Booming construction markets are cutting the industry’s unemployment rate and expanding companies’ worker head counts, but stubborn workforce gaps are still creating bidding and safety headaches for employers.
In its 2016 business and hiring outlook, released on Jan. 6, the Associated General Contractors reports that 71% of 1,500 survey respondents say they will increase employee numbers this year to meet improving private- and public-sector markets. Respondents were most optimistic about the retail, warehouse, health-care and office-construction segments in the private sector and education and public buildings in the government sector. The findings track with U.S. Bureau of Labor Statistics’ numbers, released on Jan. 8, that show construction unemployment continuing its year-over-year drop. It fell in December to 7.5% from the year-earlier 8.3%, as firms added 45,000 jobs even as winter slowdowns worsened the rate from November’s 6.2% figure.
Individual firm hiring will remain modest, with key worker shortages a stubborn problem, AGC’s survey respondents acknowledge.
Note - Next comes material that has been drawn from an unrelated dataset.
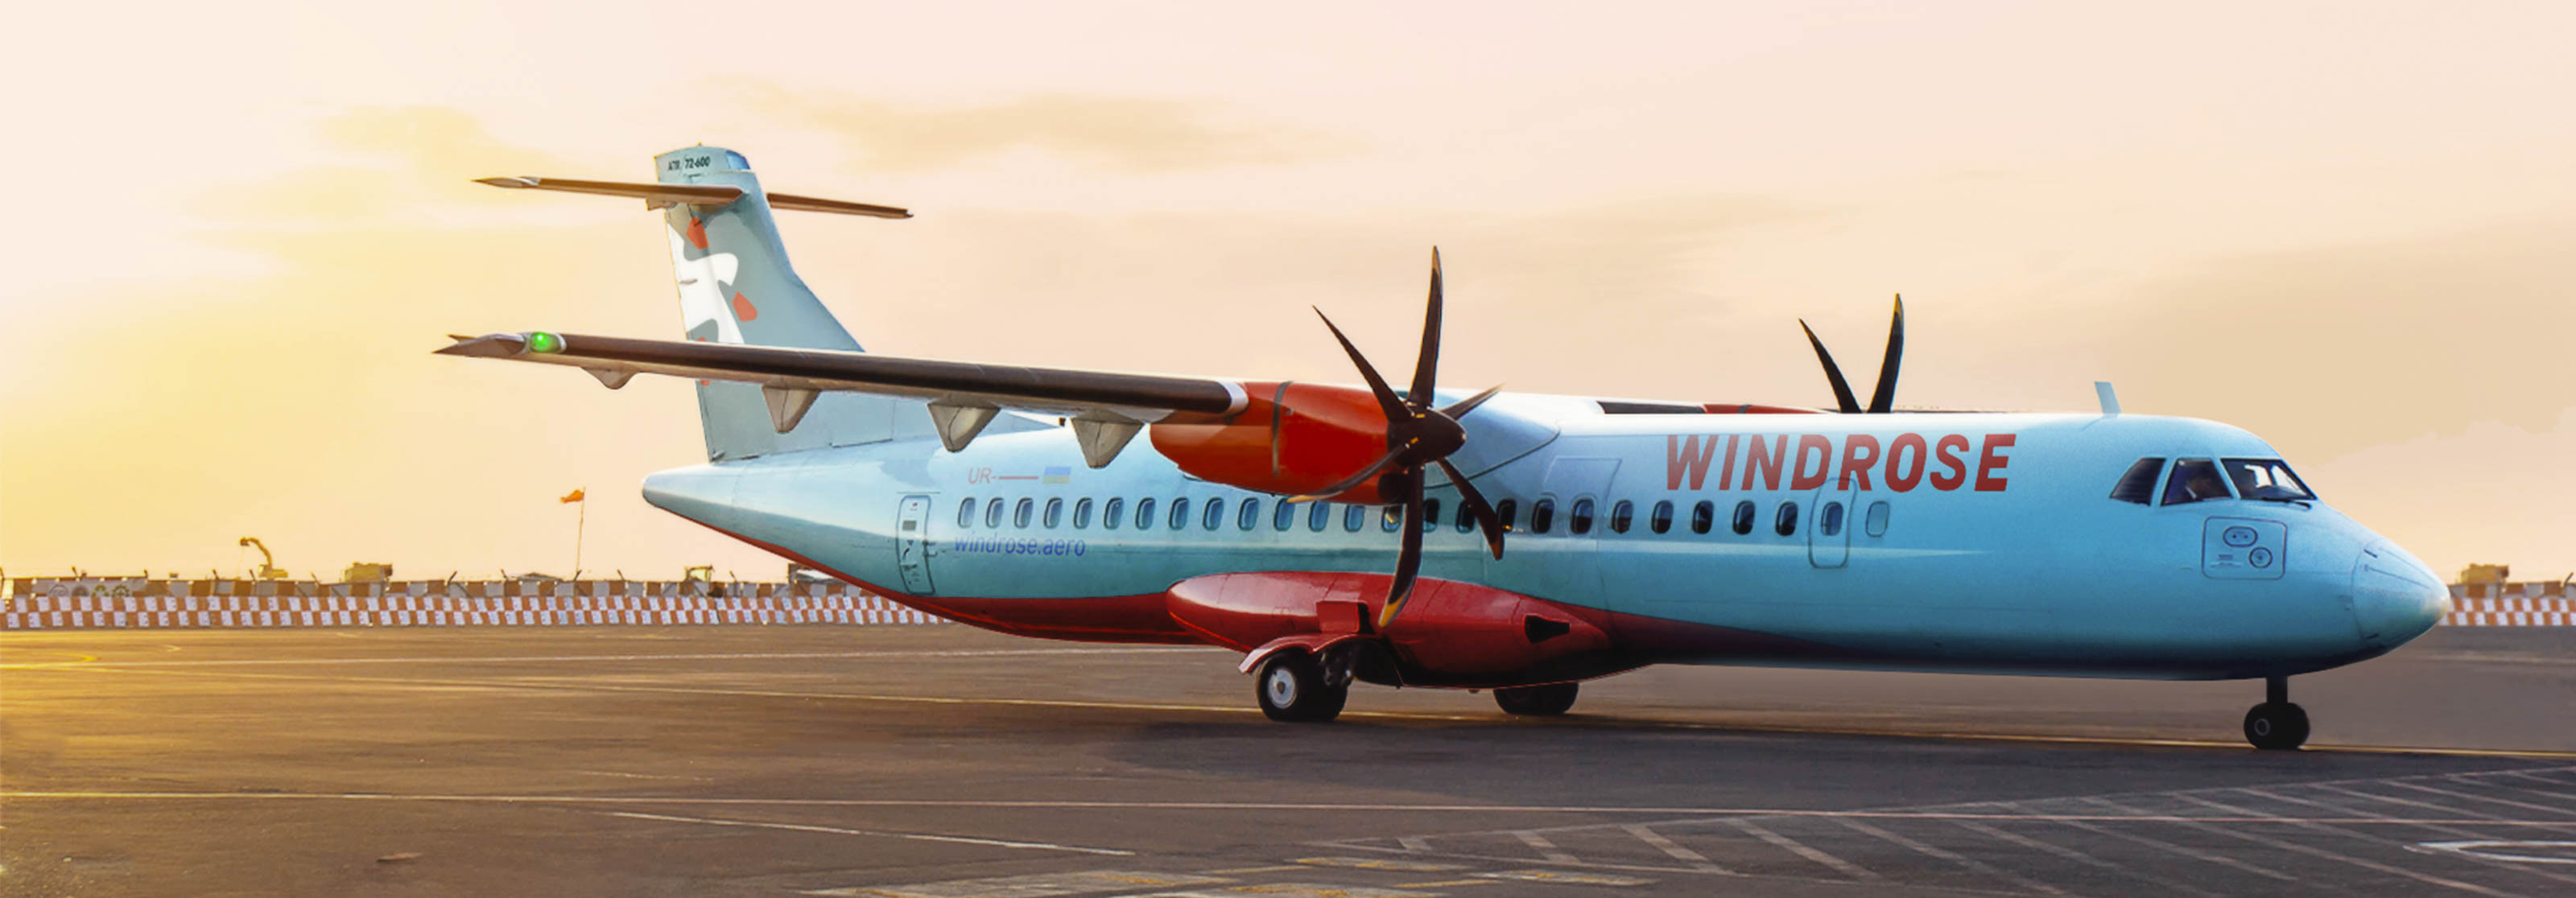 Windrose планує відновити дешеві рейси до Івано-Франківська лише з листопада 2020 року

Two-thirds say 2016 hiring will increase their head count by 25% or less, and 70% report difficulties in filling key craft and professional positions, despite increased base pay rates and bigger investments in employee benefits.
Mike Kaiman, a Turner Construction vice president in Texas, says state contractors are not benefitting in a major way from the growing unemployment among workers in the oil-and-gas sector, noting challenges by construction firms to provide “the lifestyle of working multiple shifts, unlimited overtime and high weekly paychecks.”
Josh Clardy, president of a $10-million contractor in Myrtle Beach, S.C., says firm vacancies are limiting its ability to pursue new work without risking oversight on existing projects. Gary Smith, president of Seattle contractor Lease Crutcher Lewis, says he is coping with workforce gaps in the region’s tech-driven construction boom by increased recruiting from other areas of the country. But he remains concerned about the lack of affordable area housing for employees and the impact of more frequently needed overtime on worker fatigue and injury rates.